Murkowski blasts Trump’s election claims, calls House impeachment appropriate
Sen. Lisa Murkowski (R-Alaska) on Thursday issued a blistering critique of President Trump’s false claims that the election was “rigged,” and said that the House acted “appropriately” by impeaching him.
Murkowski didn’t say how she would vote in an upcoming Senate impeachment trial, pledging to “listen carefully and consider the arguments.” But she offered a broad rebuke of the president and signaled support for the House’s bipartisan vote, which made Trump the first president to be impeached twice.
“On the day of the riots, President Trump’s words incited violence, which led to the injury and deaths of Americans – including a Capitol Police officer – the desecration of the Capitol, and briefly interfered with the government’s ability to ensure a peaceful transfer of power,” Murkowski said in a statement on Thursday.
“Such unlawful actions cannot go without consequence and the House has responded swiftly, and I believe, appropriately, with impeachment,” she added.
Murkowski’s comments come after the House, in a bipartisan vote, impeached Trump for committing high crimes and misdemeanors by “willfully inciting violence against the Government of the United States.”
Ten Republicans — including Rep. Liz Cheney (Wyo.), the No. 3 House Republican — supported impeaching Trump, a break from the 2019 impeachment votes that garnered no House GOP support.
Trump has claimed for weeks that the election was “stolen,” even as his legal team has lost dozens of court cases and election experts have debunked claims of widespread voter fraud.
On Jan. 6, Trump urged his supporters to march to the Capitol as Vice President Pence and lawmakers were counting the Electoral College vote, including warning that, “if you don’t fight like hell you’re not going to have a country anymore.”
Murkowski denounced Trump’s rhetoric in her statement on Thursday, as well as attempts by the president and his closest allies to pressure Pence into challenging the election results in key battleground states won by President-elect Joe Biden.
“For months, the President has perpetrated false rhetoric that the election was stolen and rigged, even after dozens of courts ruled against these claims.
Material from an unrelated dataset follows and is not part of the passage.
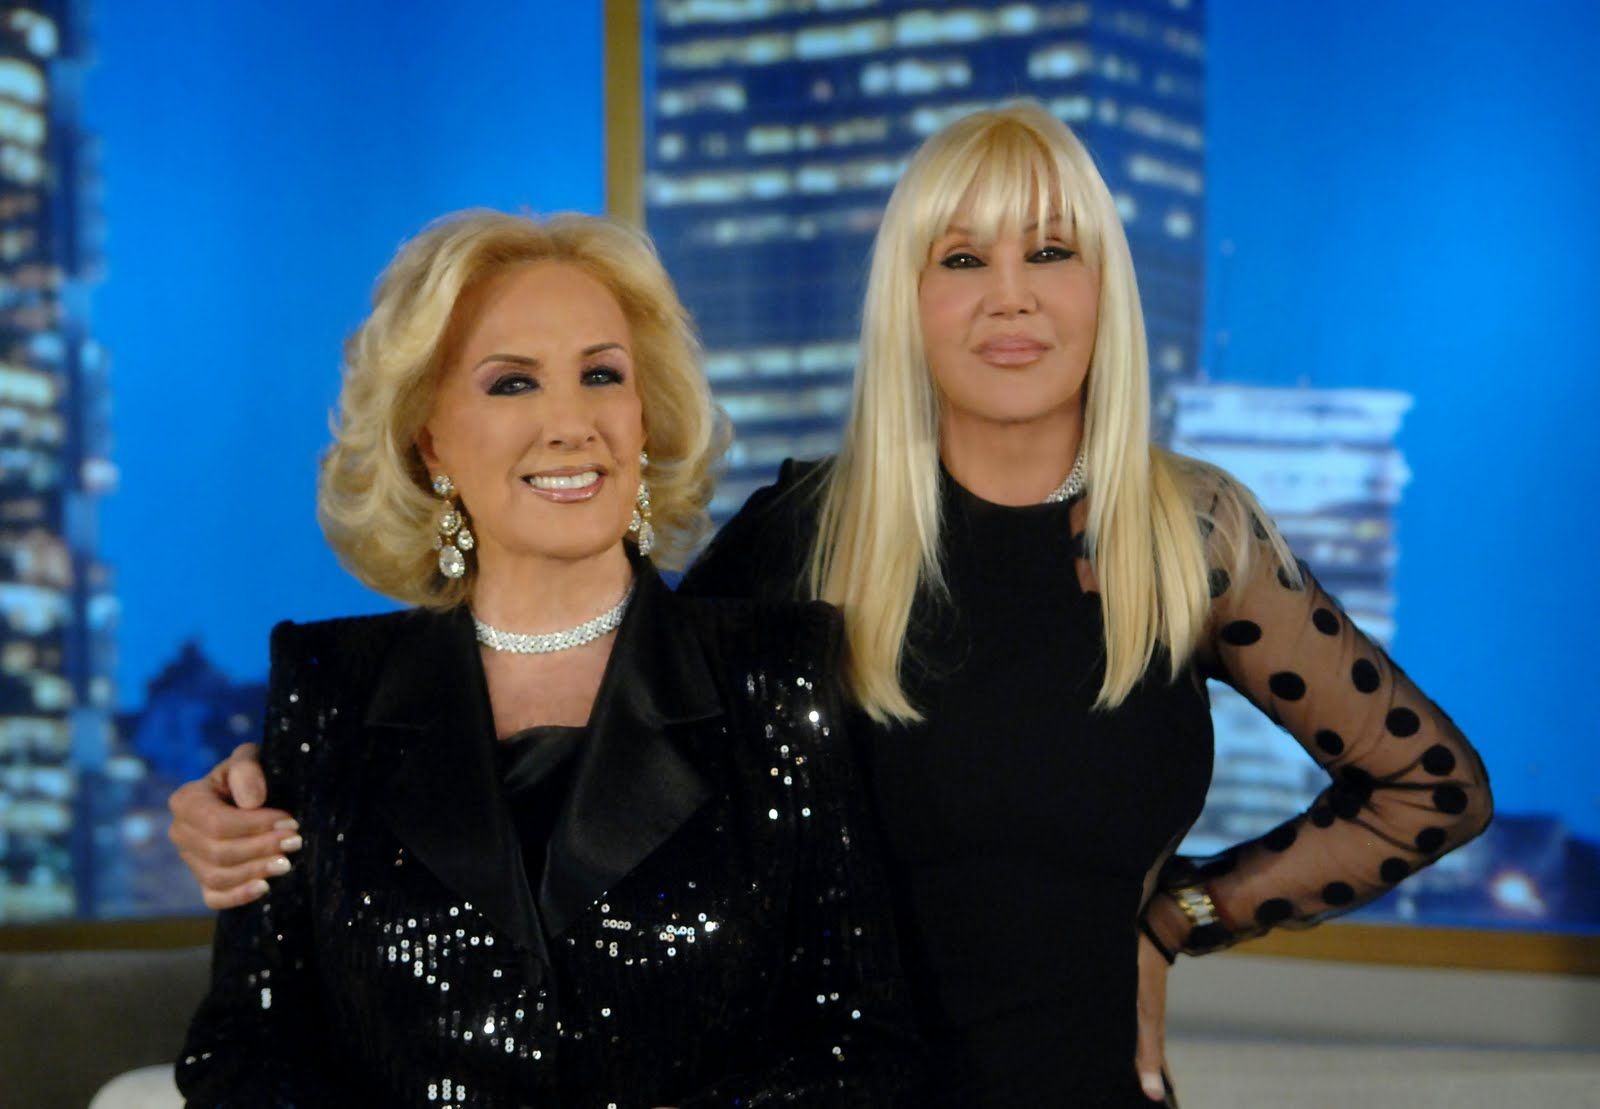 Mirtha Legrand y Susana Giménez

When he was not able to persuade the courts or elected officials, he launched a pressure campaign against his own Vice President, urging him to take actions that he had no authority to do,” Murkowski said.
The Senate is now expected to hold an impeachment trial, though the exact timing is unclear because House Democrats have not said when they will transmit the article of impeachment. Senate Majority Leader Mitch McConnell (R-Ky.) has refused a Democratic request to bring the Senate back into session early, therefore, the trial will not start until after Biden is sworn in.
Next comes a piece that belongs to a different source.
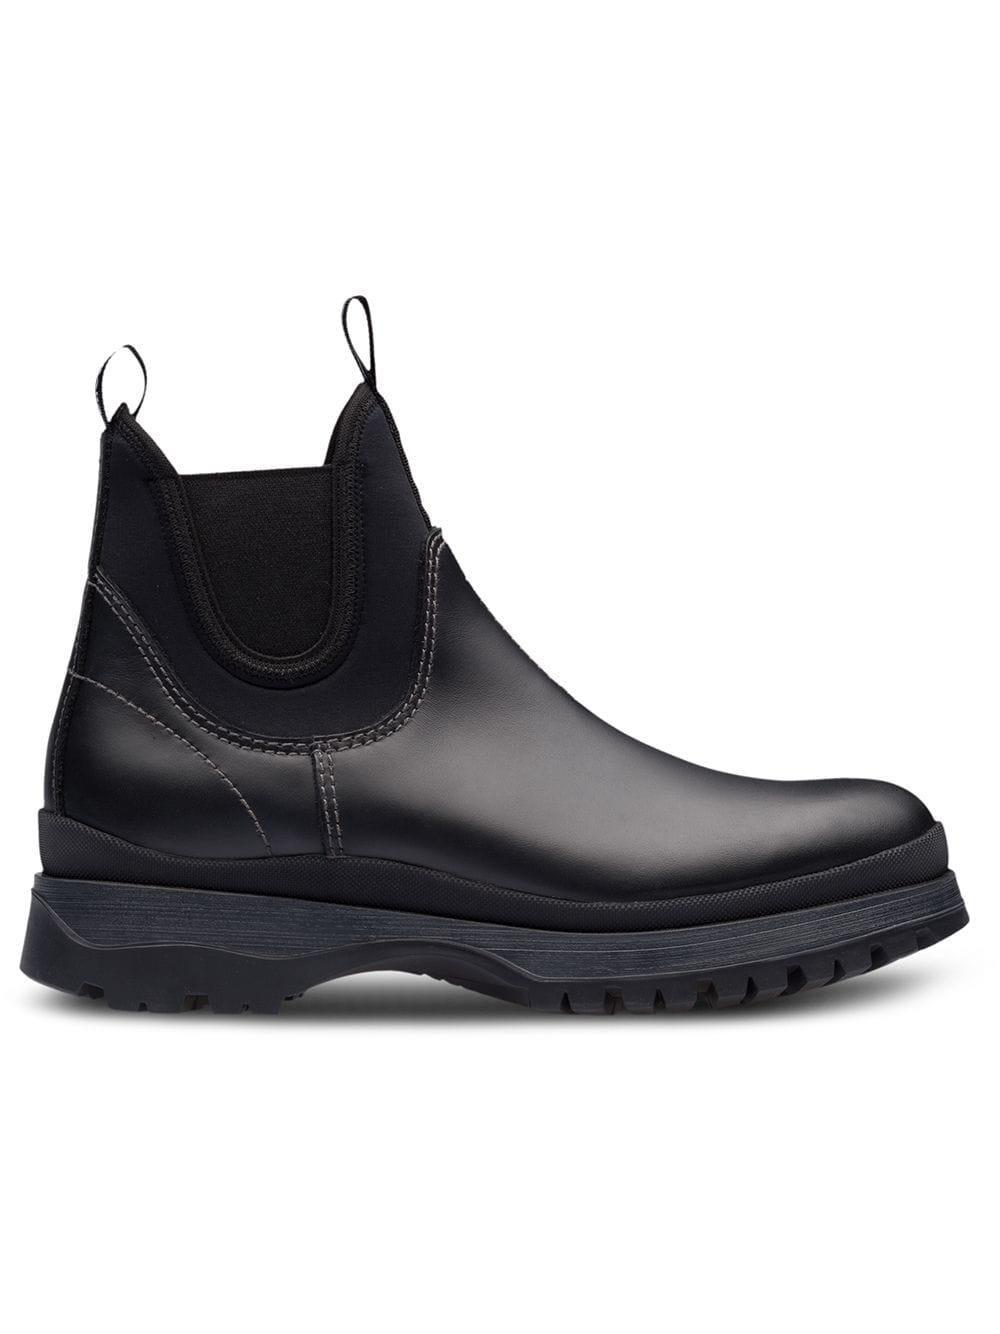 a1aa78282ae6 Prada Paneled Neoprene And Leather Chelsea Boots In Black | ModeSens

Murkowksi became the first GOP senator to call on Trump to resign in the wake of the attack on the Capitol. But she did not say on Thursday if she would vote to convict Trump at the end of the Senate trial.
“When the Article of Impeachment comes to the Senate, I will follow the oath I made when sworn as a U.S. Senator. I will listen carefully and consider the arguments of both sides, and will then announce how I will vote,” Murkowski said.
Murkowski previously voted to acquit Trump in his first impeachment trial.
But in her statement on Thursday, she appeared to draw a contrast between the 2019 House impeachment and the vote held on Wednesday.
“This second impeachment stands in stark contrast to what we faced last January—an impeachment that was partisan from the beginning and left no opportunity for a fair trial in the Senate,” she said, adding that the House vote had “the most bipartisan support and the largest number of votes for a presidential impeachment.”